_ABOUT THIS TASK_
Look through the material below and copy exactly the lines from the line with "VELOSPICA / PIG SNOUT CAMP CAPS" to the line with "Yangon Shwe Dagon Pagoda", those two lines included.

_MATERIAL TO PROCESS_

━━━━━━━━

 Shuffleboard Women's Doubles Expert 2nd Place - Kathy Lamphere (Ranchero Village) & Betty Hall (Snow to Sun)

━━━━━━━━

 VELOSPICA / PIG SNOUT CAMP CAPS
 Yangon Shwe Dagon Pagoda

━━━━━━━━

_SOLUTION FOR THIS TASK_
 VELOSPICA / PIG SNOUT CAMP CAPS
 Yangon Shwe Dagon Pagoda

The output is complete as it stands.